• [INFORMATION SUPPLIED]:
-=-=-=-=-
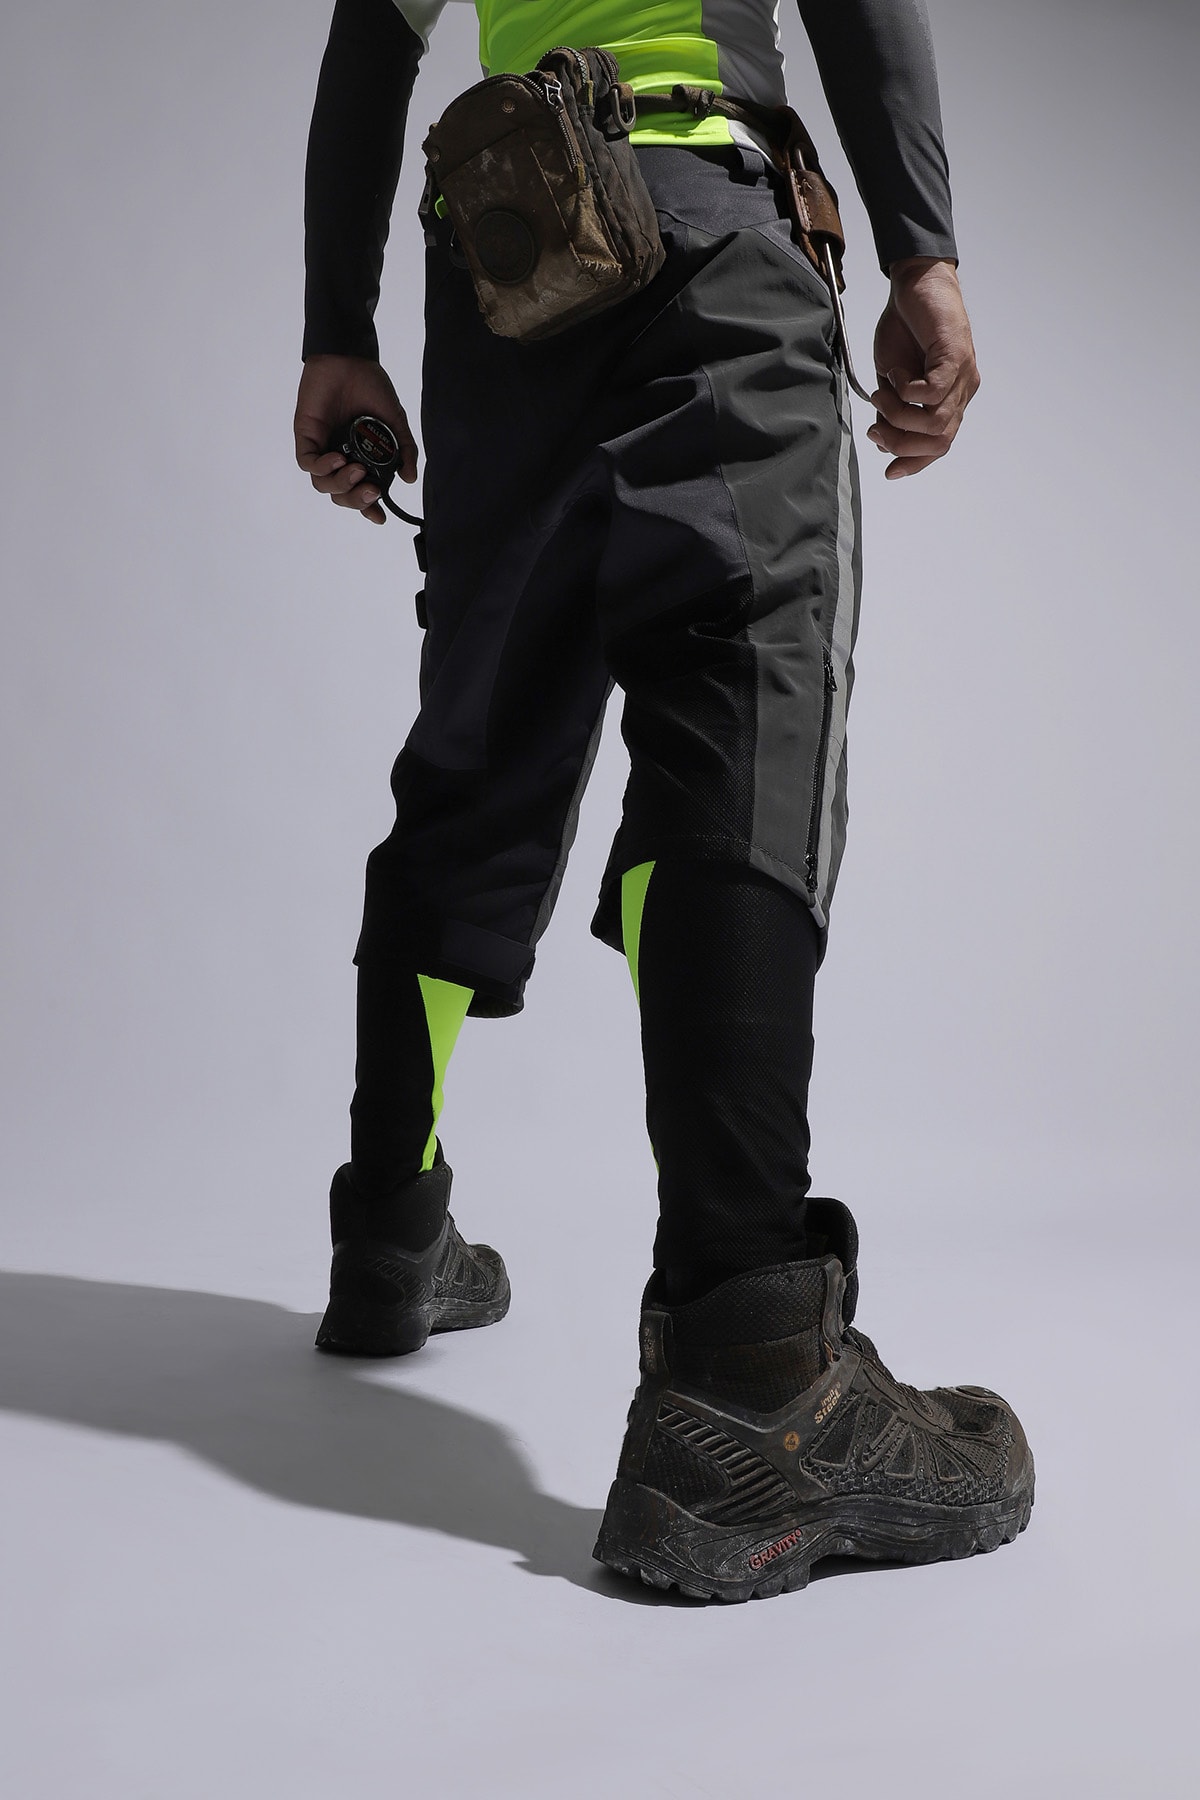 香港品牌 TMS.SITE 正式發佈全新「3.0 工業機能運動褲」系列
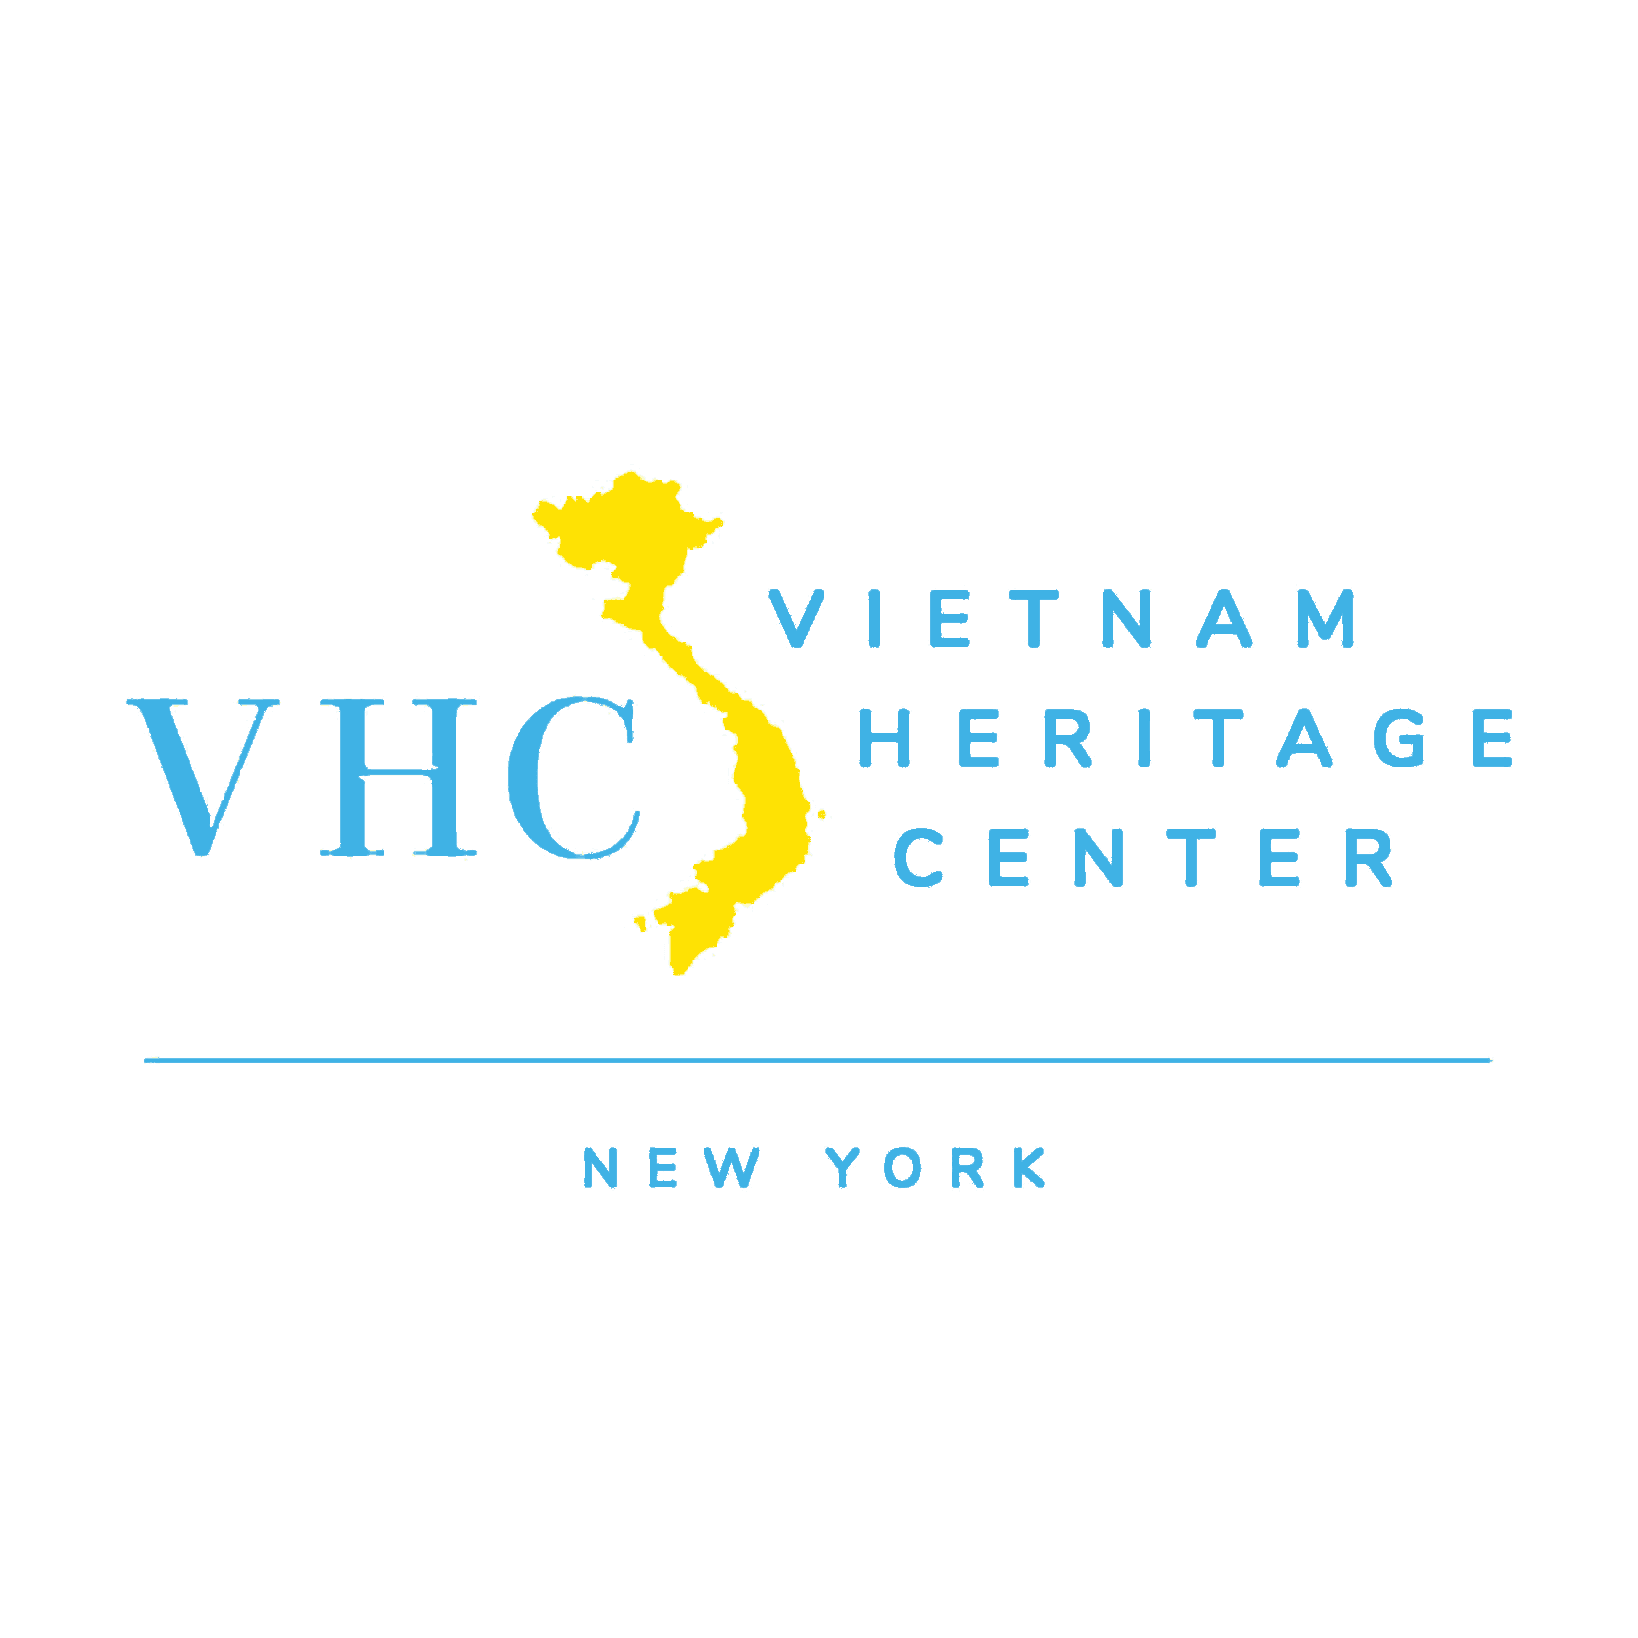 Vietnam Heritage Center (VHC)
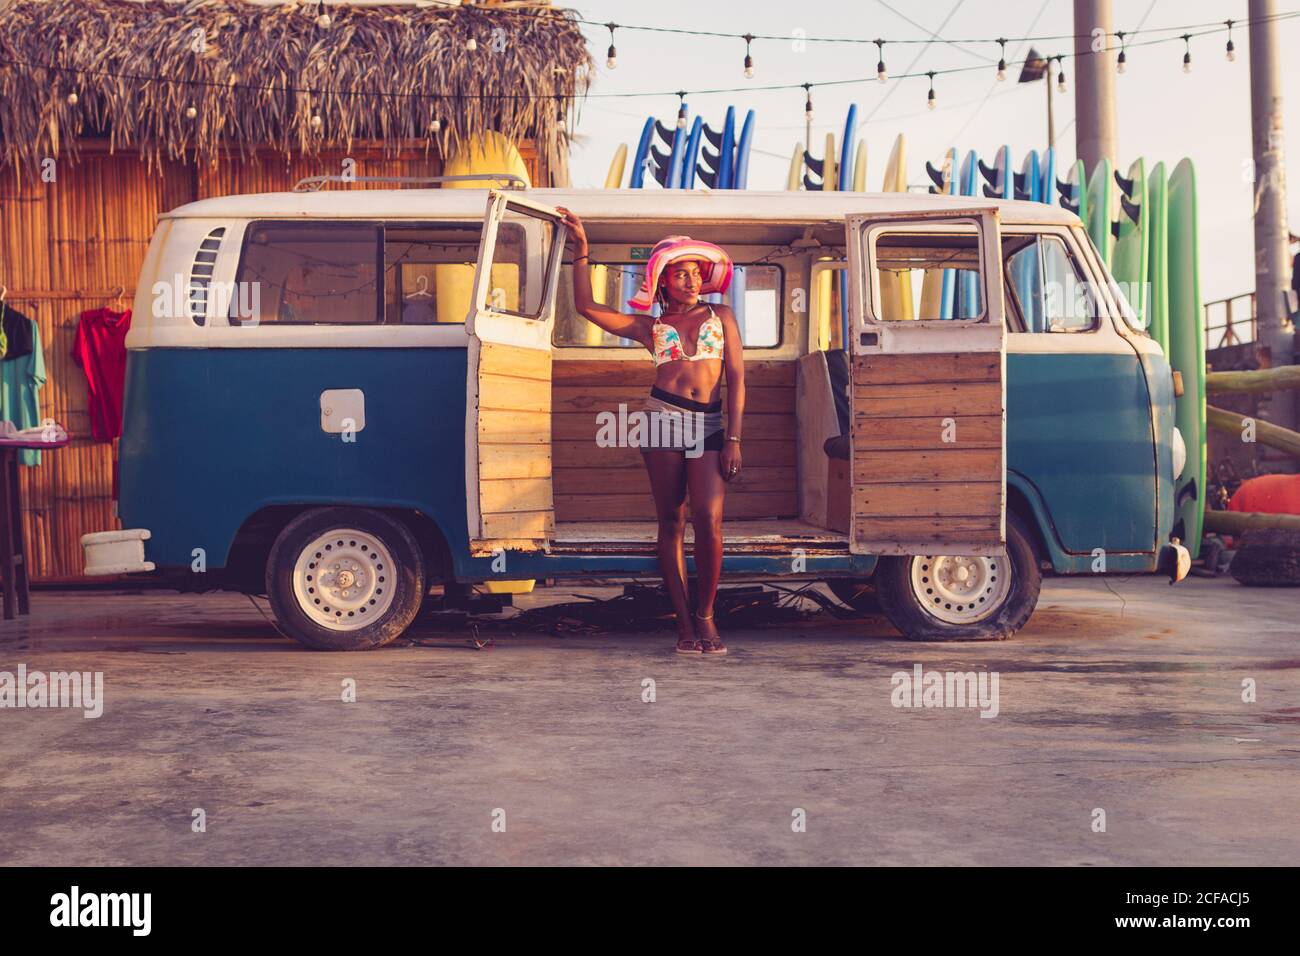 Junge afroamerikanische Besitzerin von lokalen Surfbrettverleih Tragen bunte Bikini-Top und Hut neben Vintage stehen Van mit Reihe von Surfbrettern im Hintergrund Stockfoto
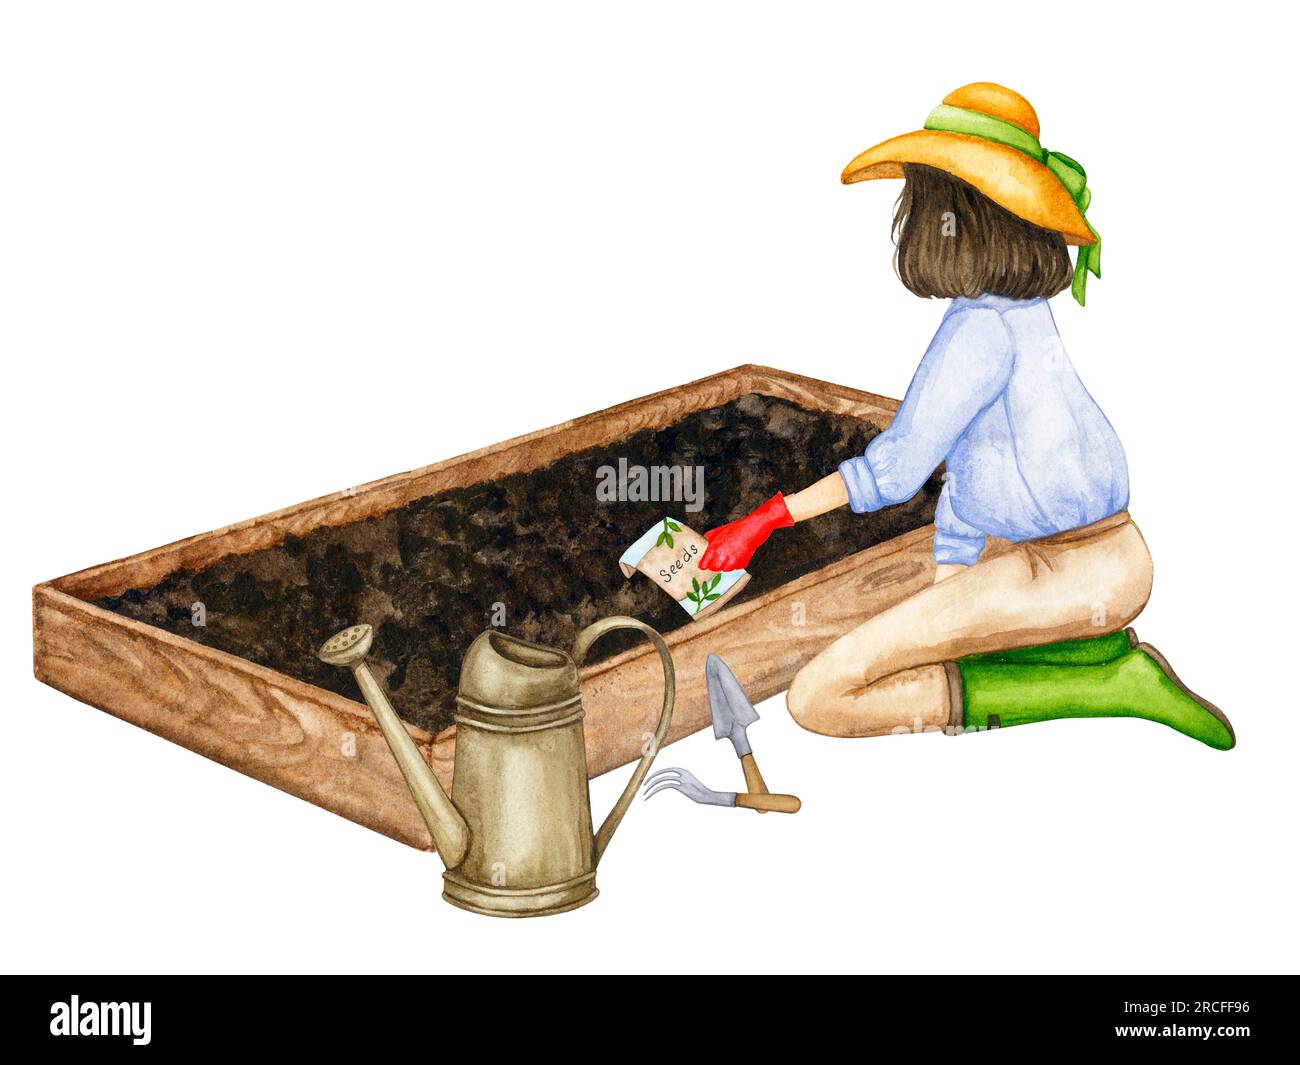 Una donna semina semi di verdure nei suoi letti da giardino. Lavori in giardino. Composizione sul tema del giardinaggio, delle piantine primaverili, della coltivazione delle verdure. Foto Stock
-=-=-=-=-
• [ACTIVITY]: Reproduce every line above exactly, pictures excluded.

• [SOLUTION TO THE PROBLEM]:
 香港品牌 TMS.SITE 正式發佈全新「3.0 工業機能運動褲」系列
 Vietnam Heritage Center (VHC)
 Junge afroamerikanische Besitzerin von lokalen Surfbrettverleih Tragen bunte Bikini-Top und Hut neben Vintage stehen Van mit Reihe von Surfbrettern im Hintergrund Stockfoto
 Una donna semina semi di verdure nei suoi letti da giardino. Lavori in giardino. Composizione sul tema del giardinaggio, delle piantine primaverili, della coltivazione delle verdure. Foto Stock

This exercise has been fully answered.